So, apart from the fact that I don't know how a FamiTracker DMC file is structured and what I'd have to change with a hex editor to remove the noise during silence, this wouldn't be the solution anyway since the noise is still there.

And splitting the file into various parts is too much fiddling with timed code, even if it was just an issue during silence.

Adding a background sound isn't the solution either since I have a very specific sound file that I want to use: The speech sample of my voice actress.
Also, she doesn't really stop talking during the sentence like in the example file. She says only one sentence with four words without a pause.
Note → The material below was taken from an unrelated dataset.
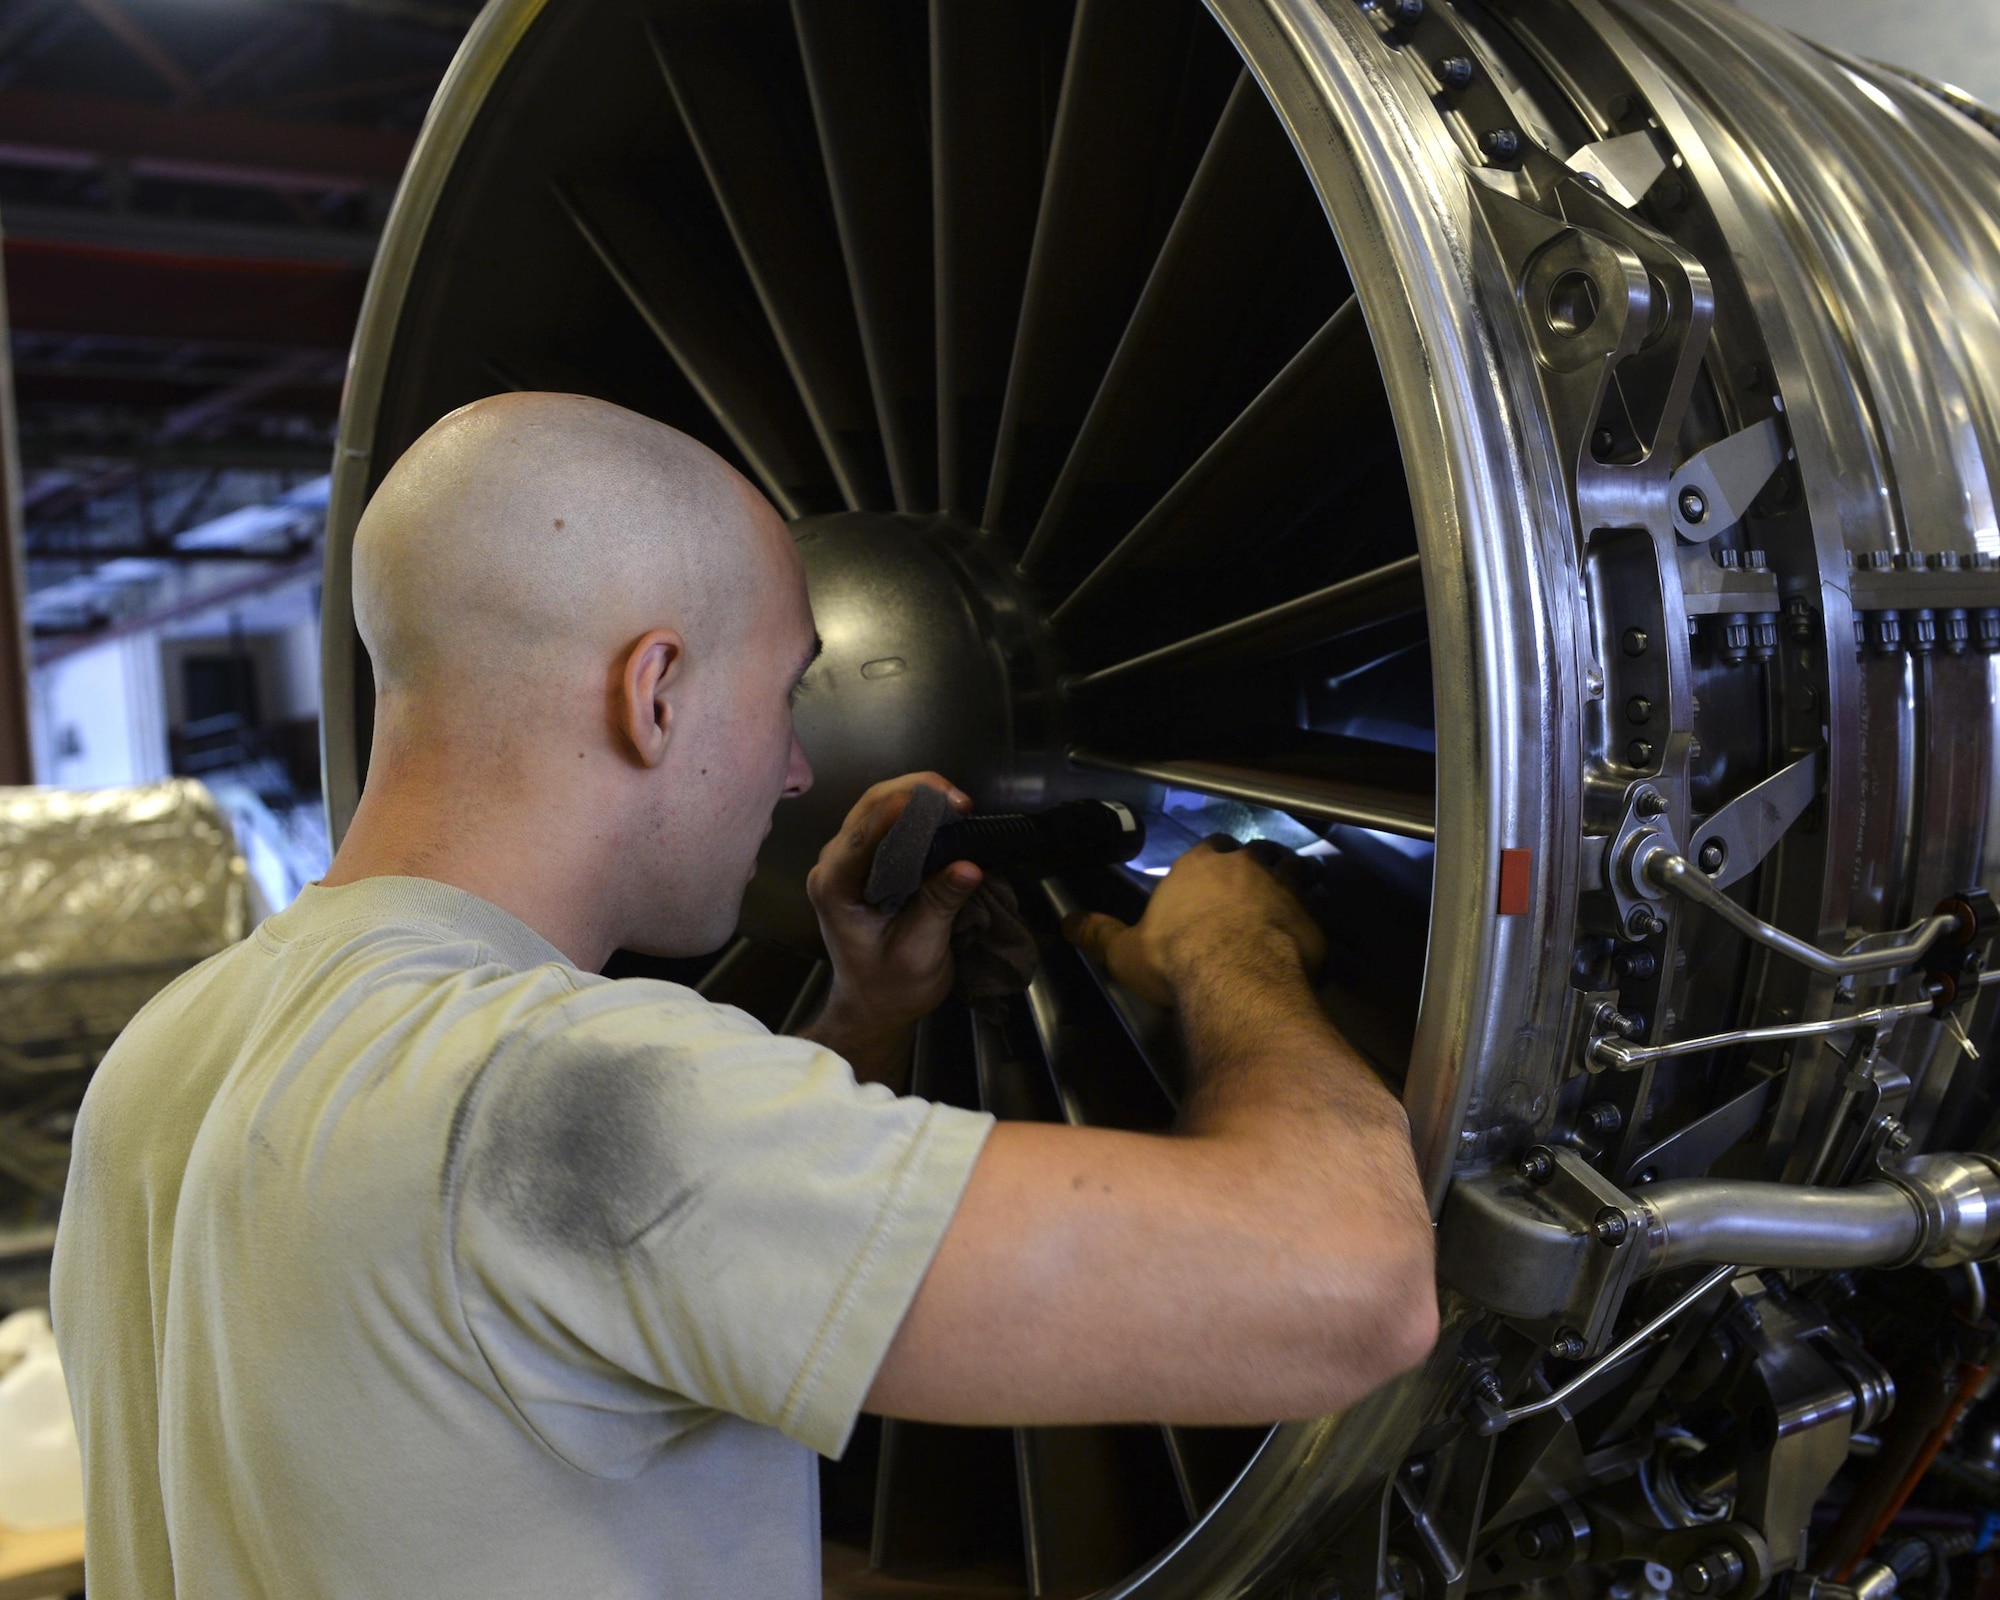 U.S. Air Force Airman 1st Class Tyler Covington, 325th Maintenance Squadron aerospace propulsion technician, performs maintenance on the blades of an F-119 engine in the Propulsion Flight hangar at Tyndall Air Force Base, Fla., Aug. 29, 2016. The Airmen of Tyndall’s Propulsion Flight inspect and maintain the engines used in the F-22 Raptor to ensure the jets are always mission-ready. (U.S. Air Force photo by Airman 1st Class Cody R. Miller/Released)

And you still hear the noise throughout the sound.

Just listen to the file in the attachments: It's a constant cheeping from start to finish, not just a replacement for silence. It's just that it's more audible when the rest is silence, but it's always there.

How does "Dance Aerobics" manage to include speech without that background noise?

tepples wrote:
How are you planning to play these samples? In an NSF using FamiTracker's engine or otherwise?

The sample is supposed to be played in my game. It's a little text that the main character says when you press Start on the title screen.
The game uses FamiTone.

And I'd rather not waste any specific program code in the NES ROM for this. I'd prefer a solution that works on the FamiTracker or DMC file directly, so that the correction is done on the data level and is already audible in FamiTracker itself.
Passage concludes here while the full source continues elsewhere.